The time interval to bring the water to its boiling point is $17.8\min$.

Explanation of Solution

Given info: The diameter of the circular mirror is $1.00\text{m}$, the radius of the absorbing plate is $2.00\text{cm}$, the amount of water in the plate is $1.00\text{L}$, the initial temperature of the water is $20.0°\text{C}$ and the solar intensity is $1.00\text{kW}/{\text{m}}^2$.

The formula to calculate the power consumed in phase change is,

$P_1=mC\left(\frac{T_1-T_2}{t}\right)$ (3)

Here,

$m$ is the mass of the water.

$C$ is the specific heat capacity of water.

$T_1$ is the boiling point temperature of the water.

$T_2$ is the initial temperature of the water in plate.

$t$ is the time consumed in transition.

The formula to calculate the mass is,

$m=V\rho$

Here,

$V$ is the volume of the plate.

$\rho$ is the density of water.

Substitute $1\text{L}$ for $V$ and $1000\text{kg}/{\text{m}}^{\text{3}}$ for $\rho$ in the above equation to find the value of $m$.

$\begin{array}{c}m=\left(1\text{L}\times \frac{{10}^{-3}{\text{m}}^3}{1\text{L}}\right)\left(1000\text{kg}/{\text{m}}^{\text{3}}\right)\\ =1\text{kg}\end{array}$

The value of the power consumed in heating is,

$P_1=0.4P$

Substitute $785.5\text{W}$ for $P$ in above equation to find the value of $P_1$.

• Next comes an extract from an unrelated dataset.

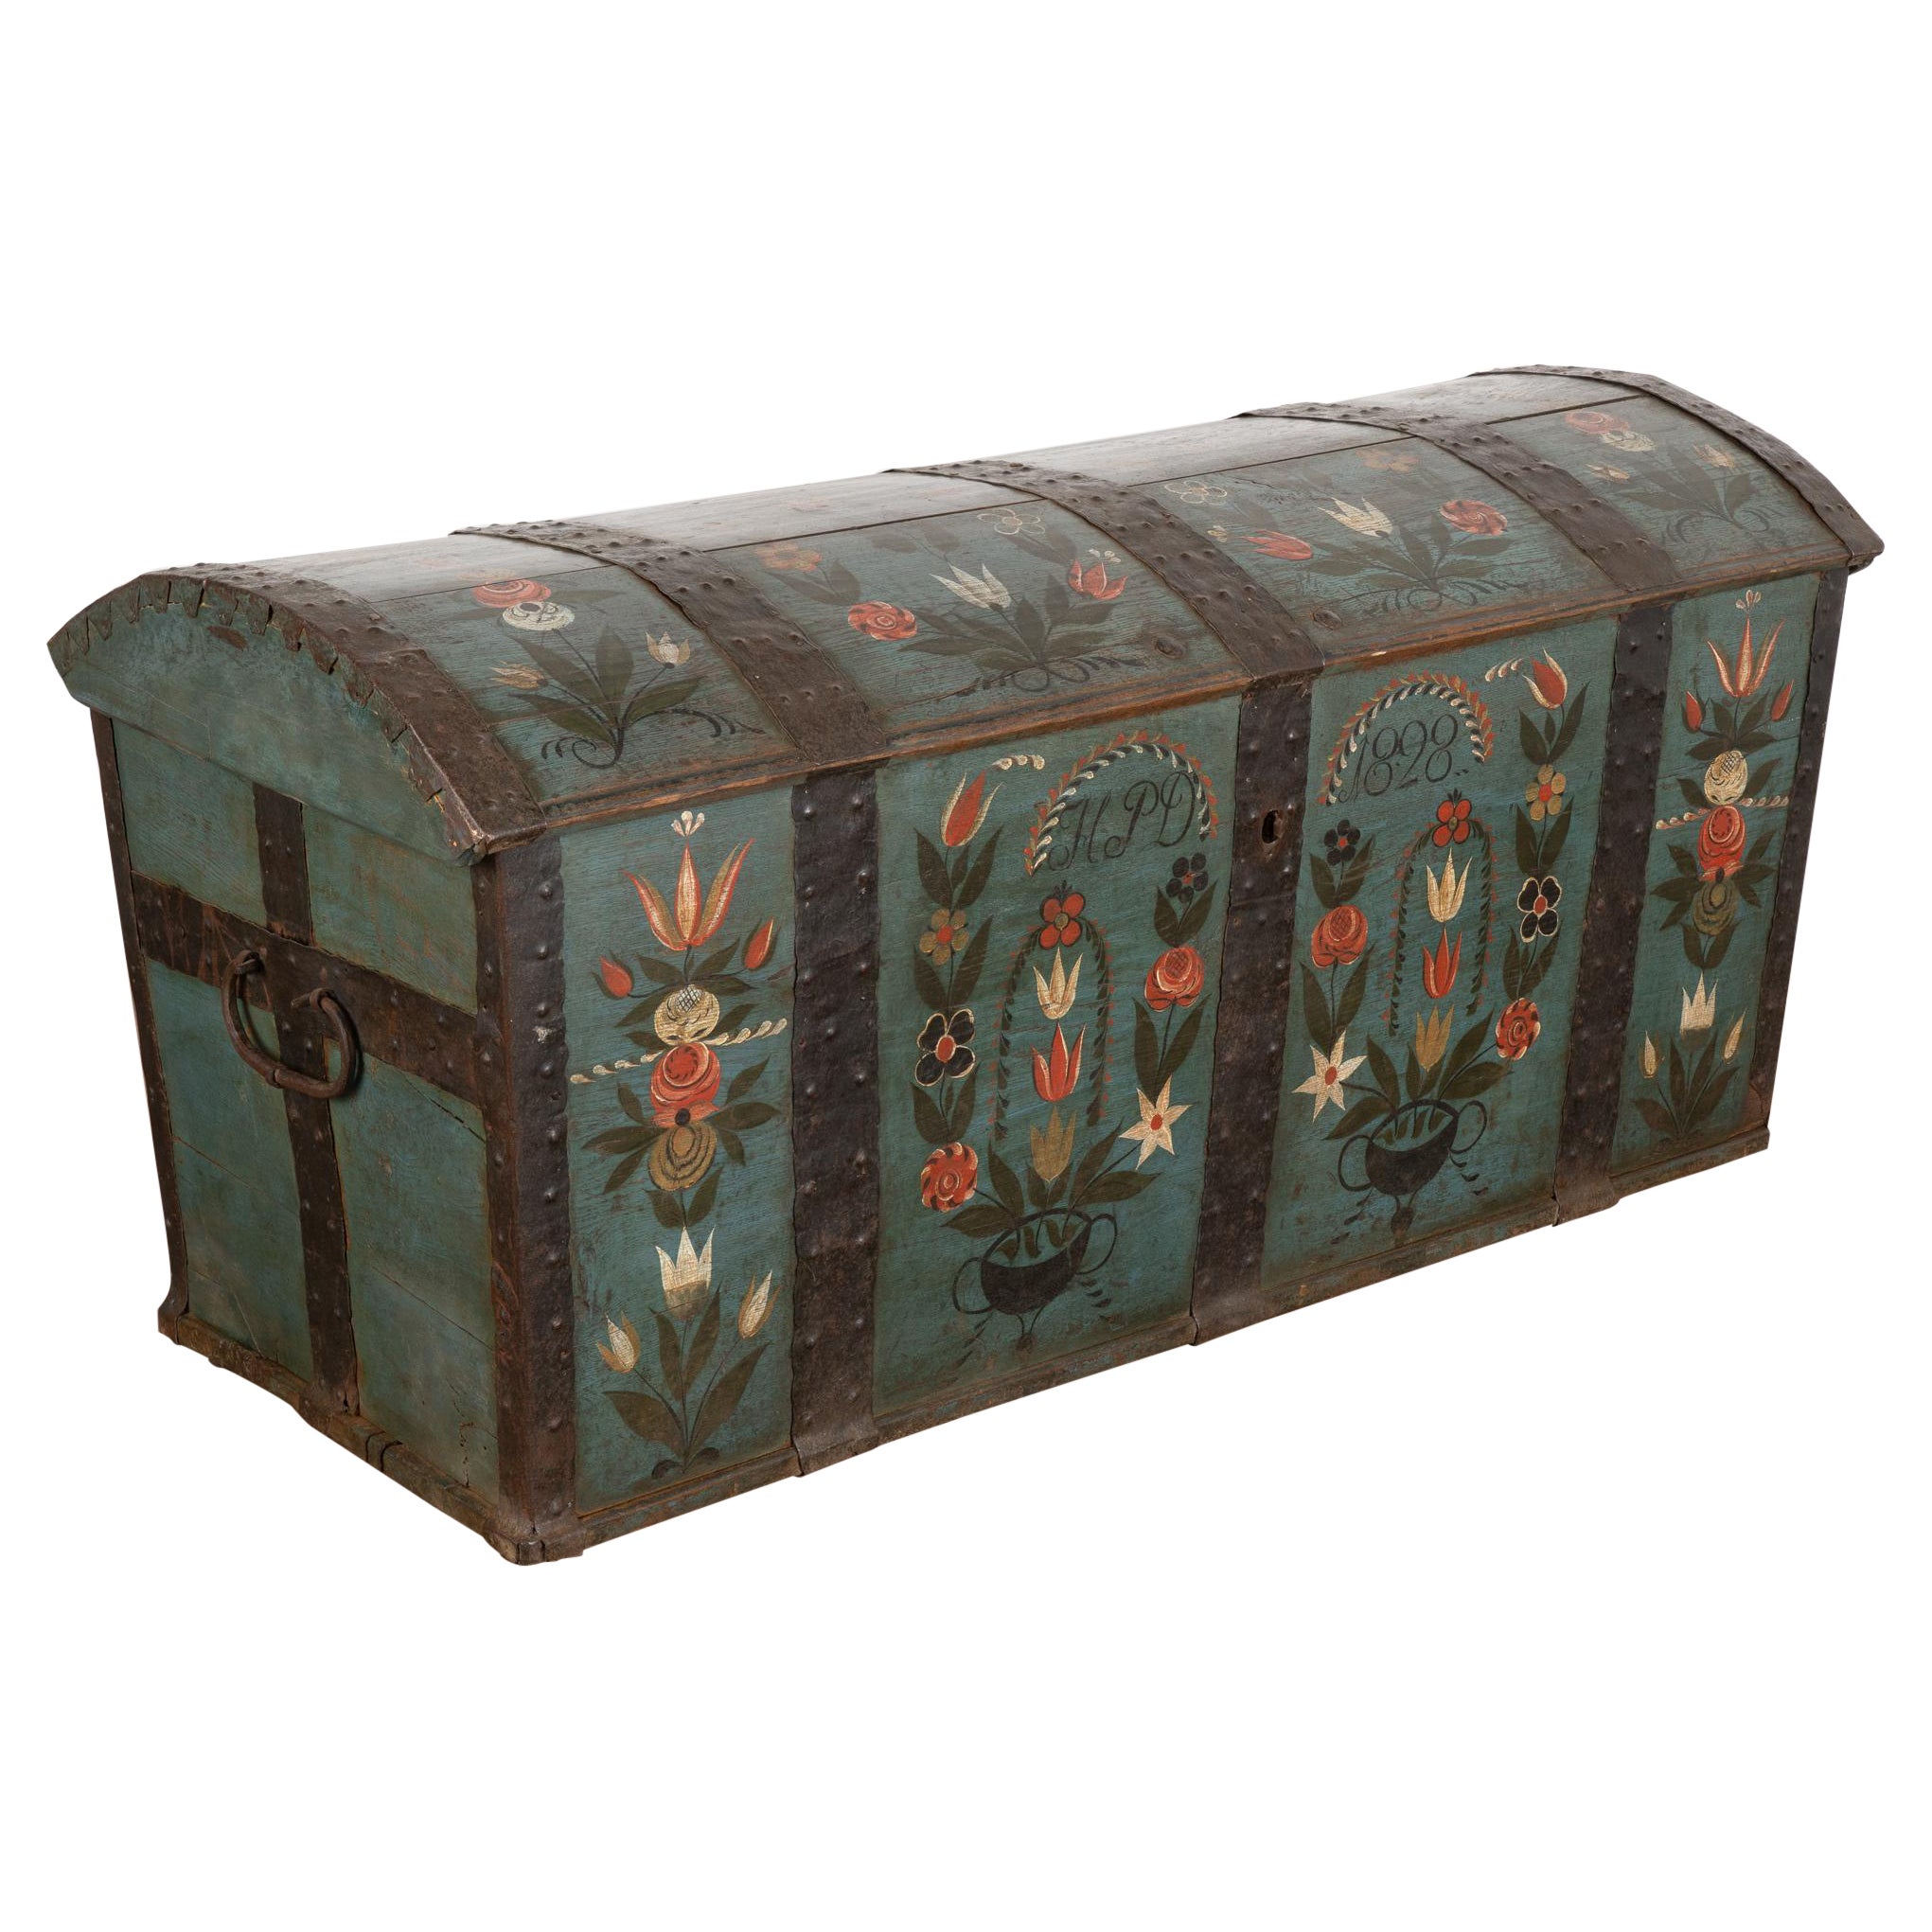 Original Hand Painted Dome Top Blue Trunk With Flowers, Sweden dated 1828 For Sale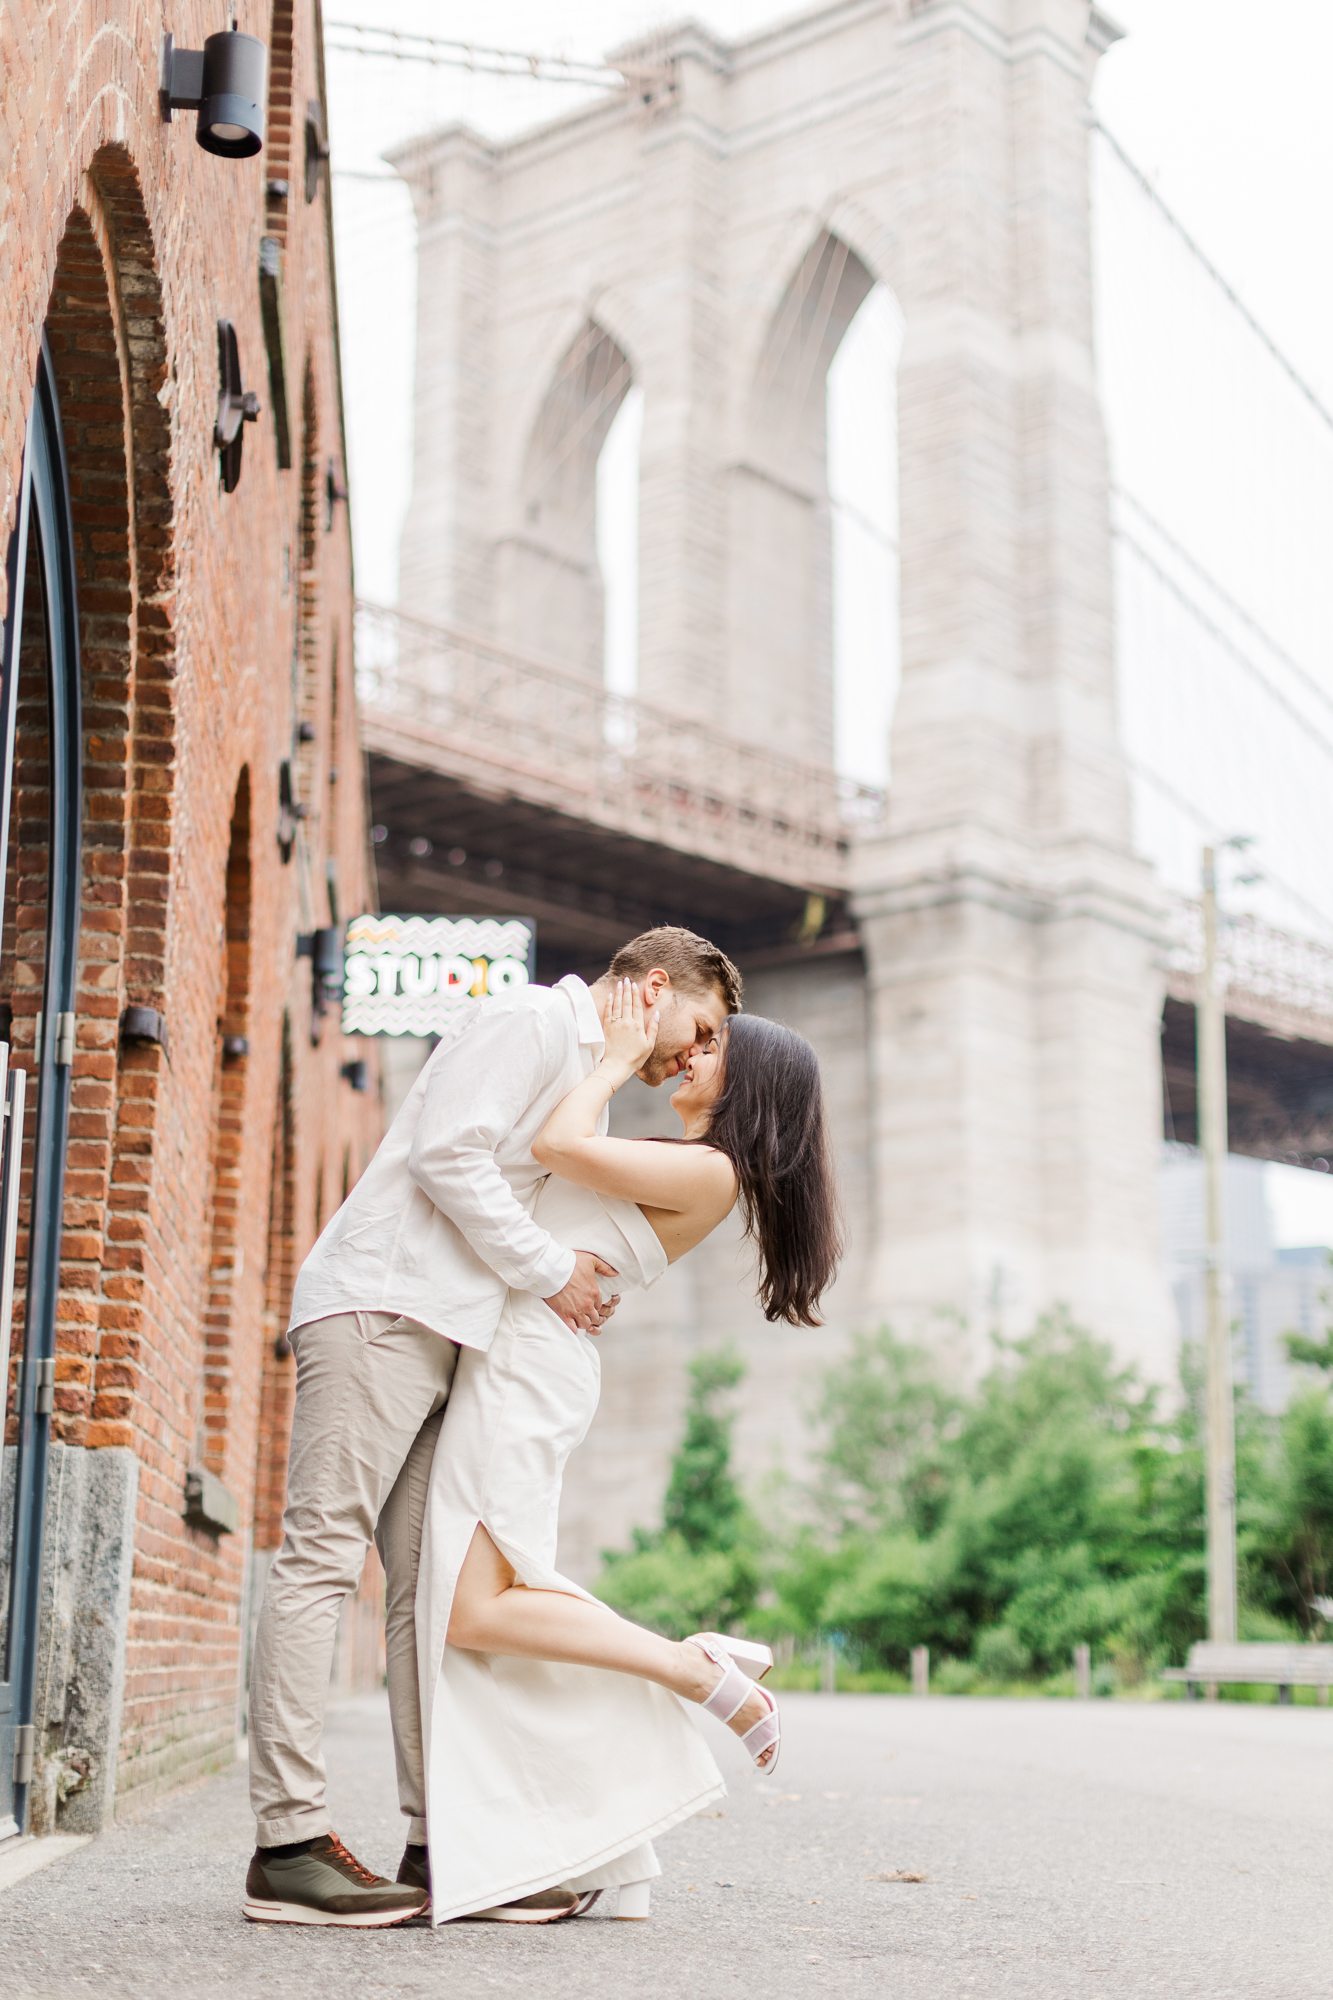 Gorgeous Pose Ideas for your Engagement Session

$\begin{array}{c}{P}_1=0.4\left(785.5\text{W}\right)\\ =314.2\text{W}\end{array}$

Substitute $1\text{kg}$ for $m$, $4186\text{J}/\text{kg}\cdot \text{K}$ for $C$, $20°C$ for $T_2$, $100°C$ for $T_1$ and $314.2\text{W}$ for $P_1$ in the equation (3) to find the value of $t$.

$\begin{array}{c}314.2\text{W}=\left(1\text{kg}\right)\left(4186\text{J}/\text{kg}\cdot \text{K}\right)\left(\frac{100°C-100°C}{t}\right)\\ t=\frac{4186\times 80}{314.2}\\ =1066\sec \times \frac{1\min }{60\sec }\\ =17.8\min \end{array}$

Thus, the time interval to bring the water to its boiling point is $17.8\min$.

Conclusion:

Therefore, the time interval to bring the water to its boiling point is $17.8\min$.